我正在尝试将 Datetime 转换为 Unix 时间纪元,但出现以下错误。
输入:
userid,datetime,latitude,longitude
156,2014-02-01 00:00:00.739166+01,41.8836718276551,12.4877775603346
187,2014-02-01 00:00:01.148457+01,41.9285433333333,12.4690366666667
297,2014-02-01 00:00:01.220066+01,41.8910686119733,12.4927045625339
89,2014-02-01 00:00:01.470854+01,41.7931766914244,12.4321219603157
79,2014-02-01 00:00:01.631136+01,41.90027472,12.46274618
191,2014-02-01 00:00:02.048546+01,41.8523047579646,12.5774065771898
343,2014-02-01 00:00:02.647839+01,41.8921718255185,12.4696996165151
341,2014-02-01 00:00:02.709888+01,41.9102125627332,12.4770004336041
260,2014-02-01 00:00:03.458195+01,41.8658208551143,12.4655221109313
节目:
import pandas as pd
import numpy as np
import io
df = pd.read_csv('input.csv',
#header=None, #no header in csv
header=['userid','datetime','latitude','longitude'], #set custom column names
parse_dates=['datetime']) #parse columns d, e to datetime
df['datetime'] = df['datetime'].astype(np.int64) // 10**9
#df['e'] = df['e'].astype(np.int64) // 10**9
df.to_csv('output.csv', header=True, index=False)
上面的程序在 python 2.7 中运行良好,但我没有升级到 python 3.x Anaconda 我无法获得结果
错误:
File "pandas\parser.pyx", line 519, in pandas.parser.TextReader.__cinit__ (pandas\parser.c:5907)

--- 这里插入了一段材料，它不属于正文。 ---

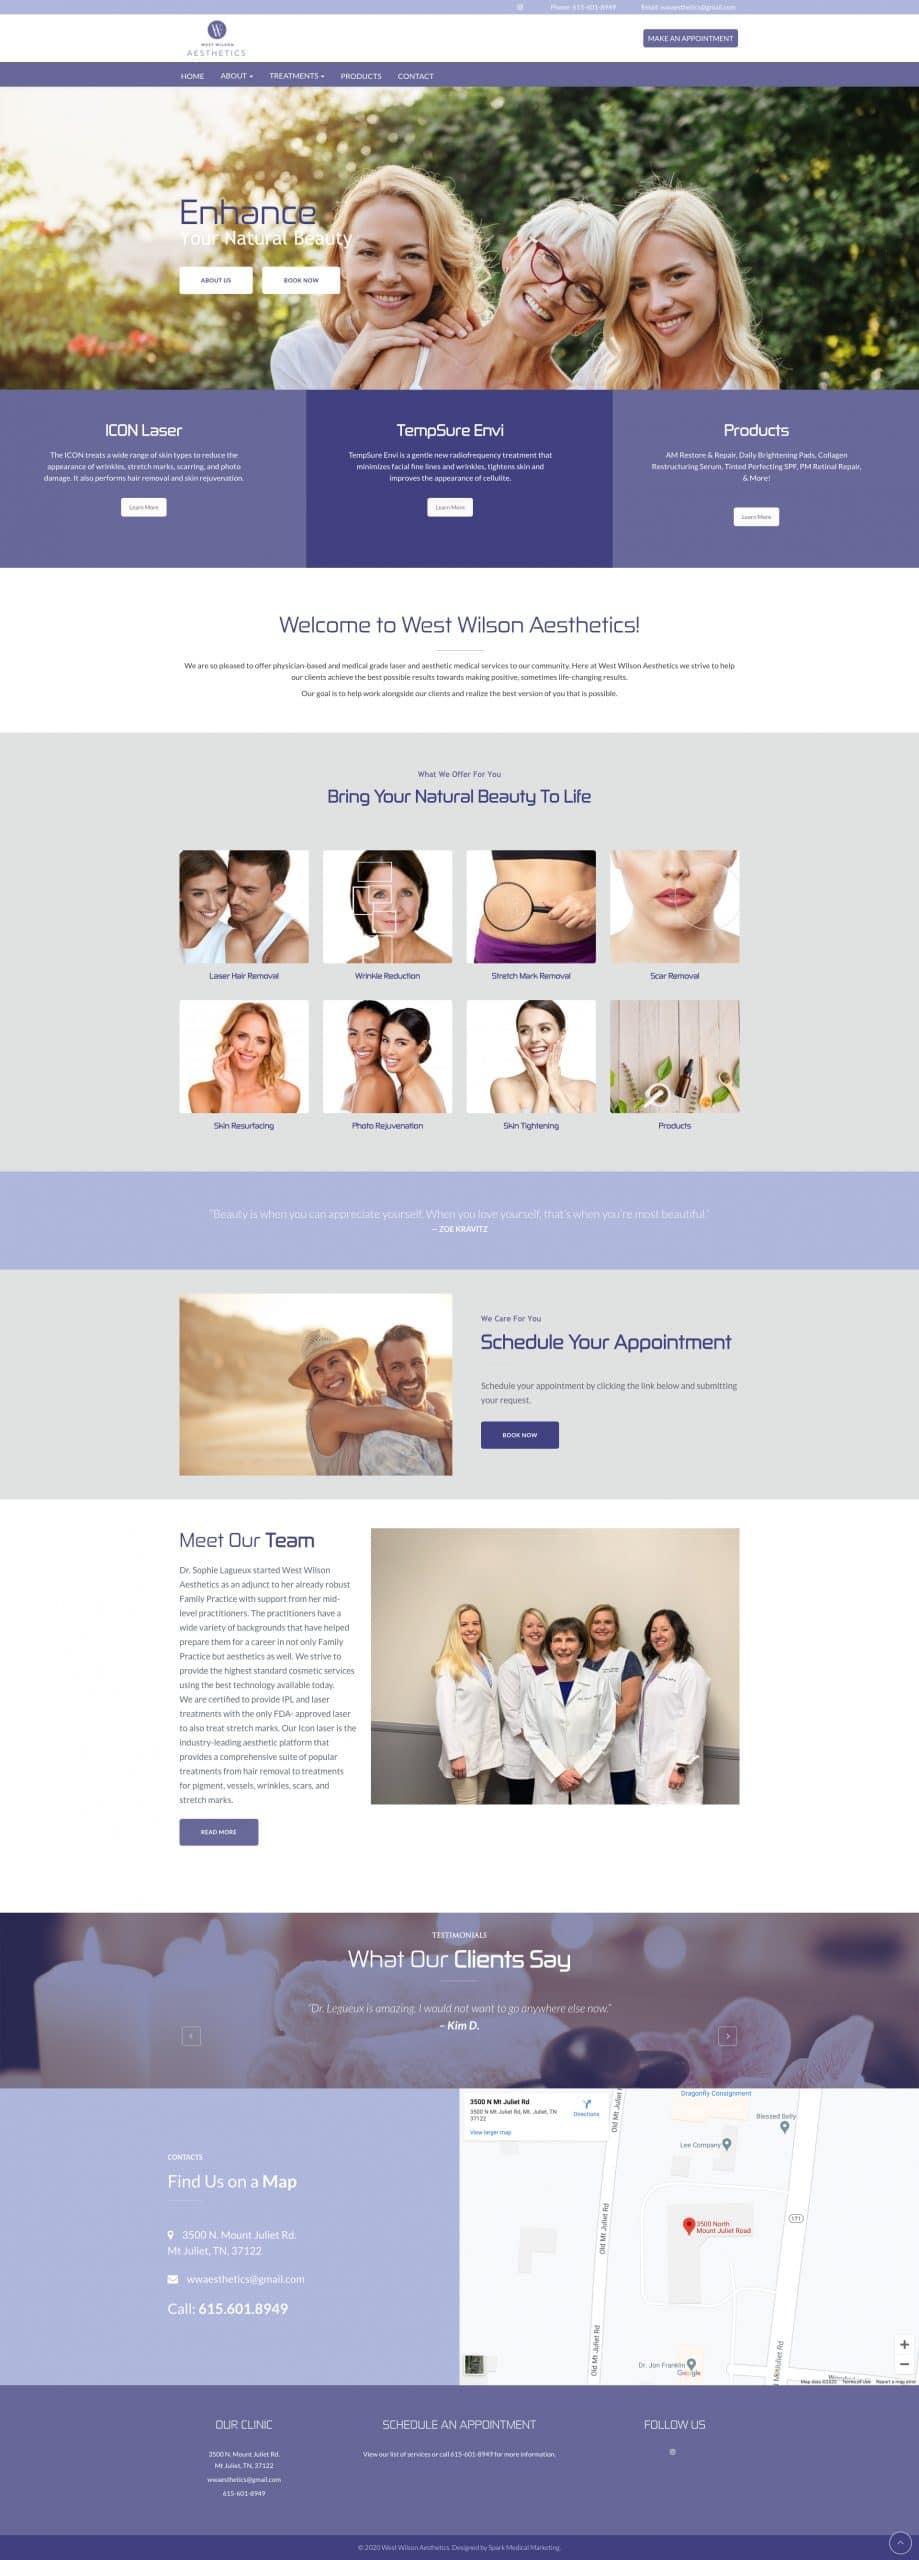 West Wilson Aesthetics Homepage

TypeError: Can't convert 'int' object to str implicitly
编辑: 输入文件 here
pd.read_csv
中的 header
参数需要一个整数或整数列表,而不是字符串列表。
from io import StringIO
file="""
userid,datetime,latitude,longitude
156,2014-02-01 00:00:00.739166+01,41.8836718276551,12.4877775603346
187,2014-02-01 00:00:01.148457+01,41.9285433333333,12.4690366666667
297,2014-02-01 00:00:01.220066+01,41.8910686119733,12.4927045625339
89,2014-02-01 00:00:01.470854+01,41.7931766914244,12.4321219603157
79,2014-02-01 00:00:01.631136+01,41.90027472,12.46274618
191,2014-02-01 00:00:02.048546+01,41.8523047579646,12.5774065771898
343,2014-02-01 00:00:02.647839+01,41.8921718255185,12.4696996165151
341,2014-02-01 00:00:02.709888+01,41.9102125627332,12.4770004336041
260,2014-02-01 00:00:03.458195+01,41.8658208551143,12.4655221109313"""
让我们试试这个 read_csv 语句:
df = pd.read_csv(StringIO(file),parse_dates=['datetime'])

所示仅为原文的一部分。